The faces, full bodies and other designs on living trees cannot be more than a century or two old.
Many may have been carved after 1835, when 900 Atiawa people from Wellington invaded the Chathams, killed about 300 of the Moriori and enslaved the rest - around 1500 to 2000 people.
In the quiet forests where only the roar of the sea breaks the silence, it is easy to imagine those sad survivors etching their designs on to the kopi (karaka) trees, perhaps to pass on their memories to their children.
The practice was widespread. In the late 1950s and 1960s, Auckland Museum ethnologist David Simmons recorded 1400 tree etchings throughout Chatham and Pitt Islands.

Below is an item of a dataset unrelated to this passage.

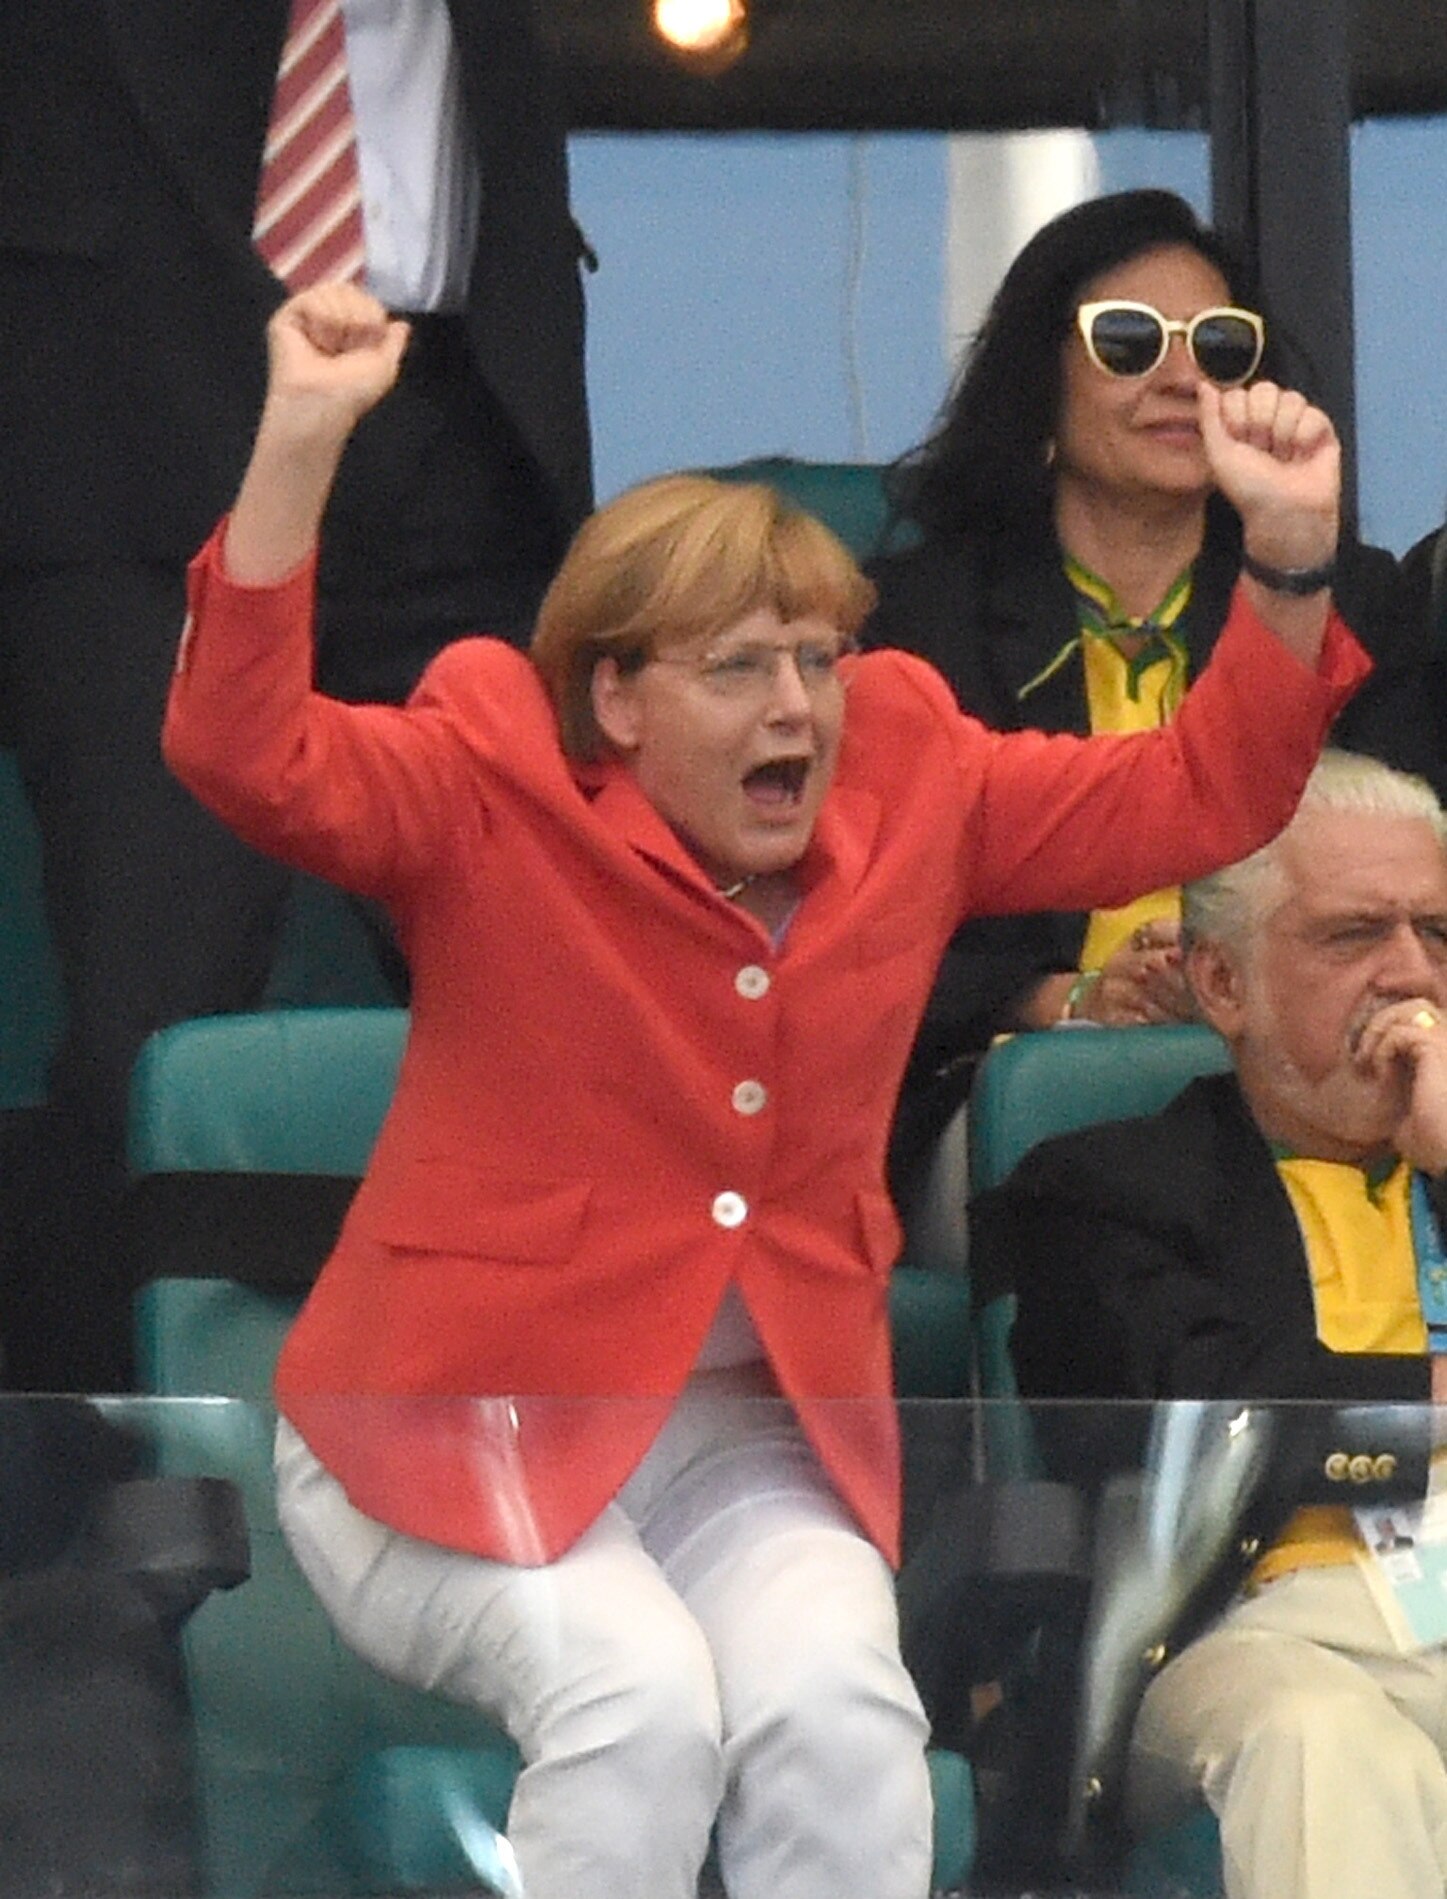 Angela Merkel celebrates Germany's 2-0 goal in the FIFA World Cup 2014 match between Germany and Portugal

Just 40 years later, almost all of them have gone - most simply lost as the trees have died. The latest survey, in 1998, found just 185 etchings on 147 trees.
Their fate symbolises our neglect of our pre-European art. Throughout the country, there are examples of neglect and destruction. Sea erosion, over-hanging trees and vandalism have taken their toll.
It's a fair bet most New Zealanders are barely aware that many of the first inhabitants of this country were artists.
The Moriori and the mainland Maori did not, of course, have paper or modern chemical paints.
But they used the trees and rocks they found around them, and either etched or carved them with stone tools or drew on them with dry paint made from animal or bird fat, vegetable gum, iron oxide or charcoal.
By the mid-1990s, 330 rock art sites had been recorded in the South Island. In the past eight years Ngai Tahu investigators have found another 220 in a project which ends this year.
In the North Island, only about 30 sites were recorded in a 1981 study. Taupo archaeological consultant Perry Fletcher has since found "many, many shelters with pigment marks" in the central part of the island, although many are "just basically dots and dashes".
In other countries, these earliest markings of our species are celebrated.
"It's massive. There are very few places that don't contain rock art," says Amanda Symon, a Pakeha archaeologist who is the curator of the Ngai Tahu Rock Art Trust.